You can select a profile on a running cluster with the command:
ceph osd crush tunables {PROFILE}
This may result in some data movement.
Generally, you should set the CRUSH tunables after you upgrade, or if you receive a warning. Starting with version v0.74, Ceph will issue a health warning if the CRUSH tunables are not set to their optimal values (the optimal values are the default as of v0.73). To make this warning go away, you have two options:
Adjust the tunables on the existing cluster. Note that this will result in some data movement (possibly as much as 10%). This is the preferred route, but should be taken with care on a production cluster where the data movement may affect performance. You can enable optimal tunables with:
ceph osd crush tunables optimal
If things go poorly (e.g., too much load) and not very much progress has been made, or there is a client compatibility problem (old kernel cephfs or rbd clients, or pre-bobtail librados clients), you can switch back to an earlier profile:
ceph osd crush tunables {profile}
For example, to restore the pre-v0.48 (Argonaut) values, execute:
ceph osd crush tunables legacy
You can make the warning go away without making any changes to CRUSH by adding the following option to the
[mon]
section of yourceph.conf
file:mon warn on legacy crush tunables = false
For the change to take effect, you will need to restart the monitors, or apply the option to running monitors with:
ceph tell mon.\* injectargs --no-mon-warn-on-legacy-crush-tunables
11.3. Tuning CRUSH, the hard way
If you can ensure that all clients are running recent code, you can adjust the tunables by extracting the CRUSH map, modifying the values, and reinjecting it into the cluster.
Extract the latest CRUSH map:
ceph osd getcrushmap -o /tmp/crush
Adjust tunables.
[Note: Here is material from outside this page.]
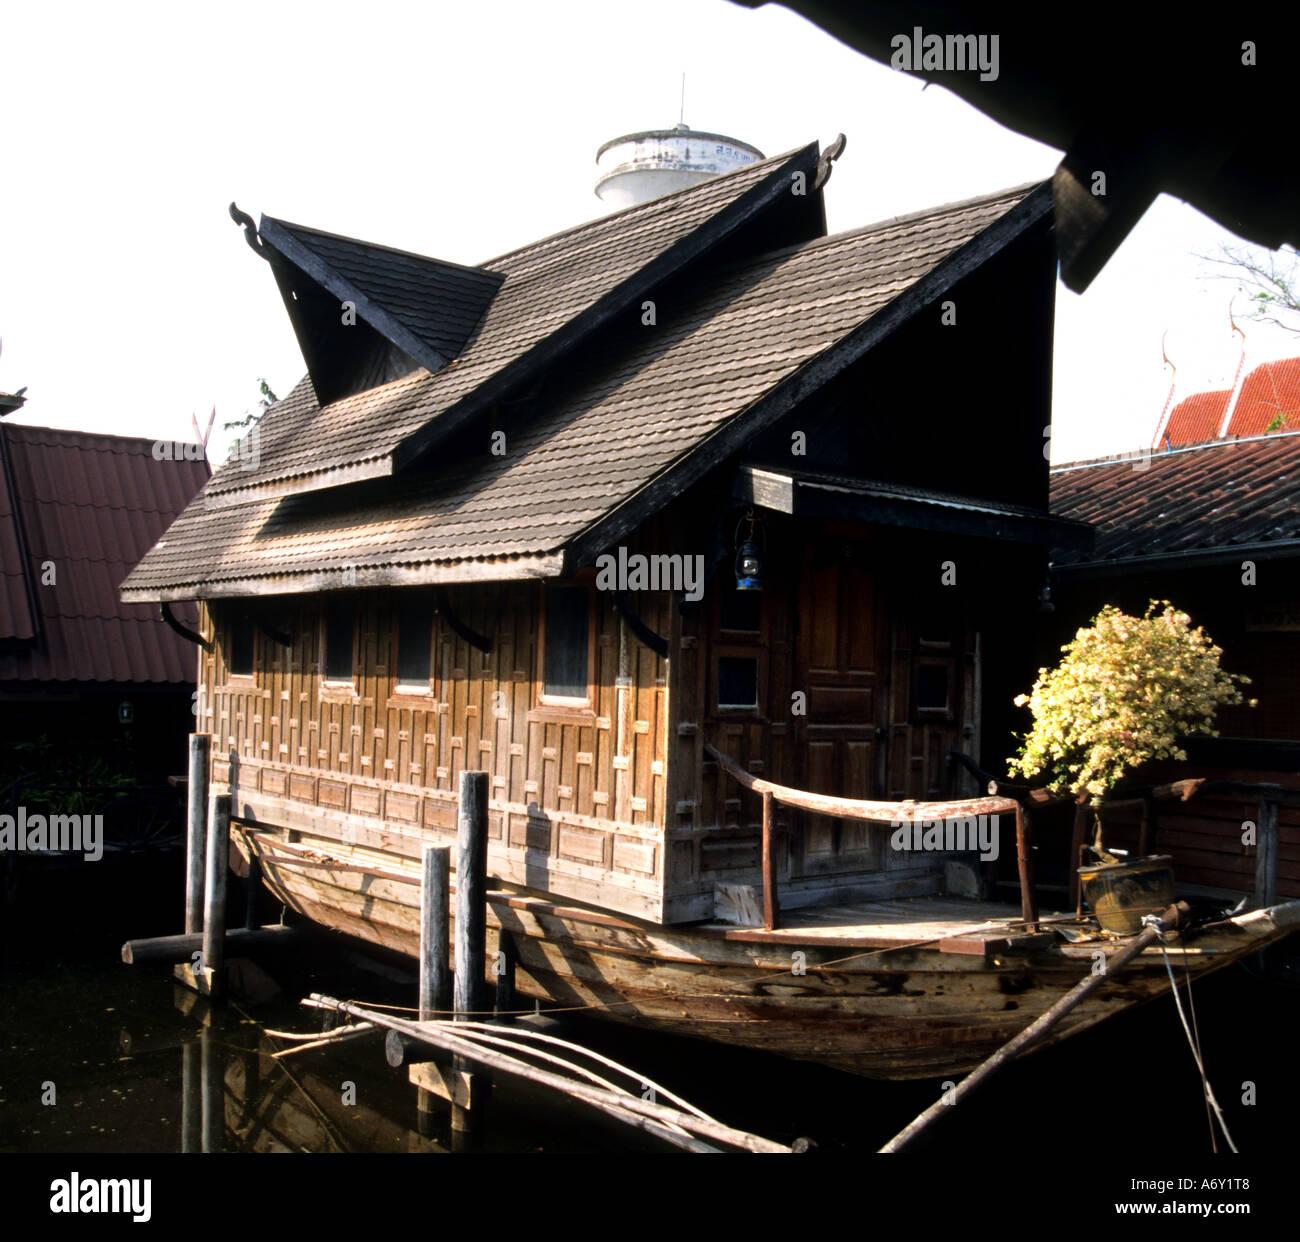 Chalet, cabane, chalet igloo Thaïlande Thai Asie Asie de l ...

These values appear to offer the best behavior for both large and small clusters we tested with. You will need to additionally specify the
--enable-unsafe-tunables
argument tocrushtool
for this to work. Please use this option with extreme care.:crushtool -i /tmp/crush --set-choose-local-tries 0 --set-choose-local-fallback-tries 0 --set-choose-total-tries 50 -o /tmp/crush.new
Reinject modified map:
ceph osd setcrushmap -i /tmp/crush.new
11.4. Legacy values
For reference, the legacy values for the CRUSH tunables can be set with:
crushtool -i /tmp/crush --set-choose-local-tries 2 --set-choose-local-fallback-tries 5 --set-choose-total-tries 19 --set-chooseleaf-descend-once 0 --set-chooseleaf-vary-r 0 -o /tmp/crush.legacy
Again, the special --enable-unsafe-tunables
option is required. Further, as noted above, be careful running old versions of the ceph-osd
daemon after reverting to legacy values as the feature bit is not perfectly enforced.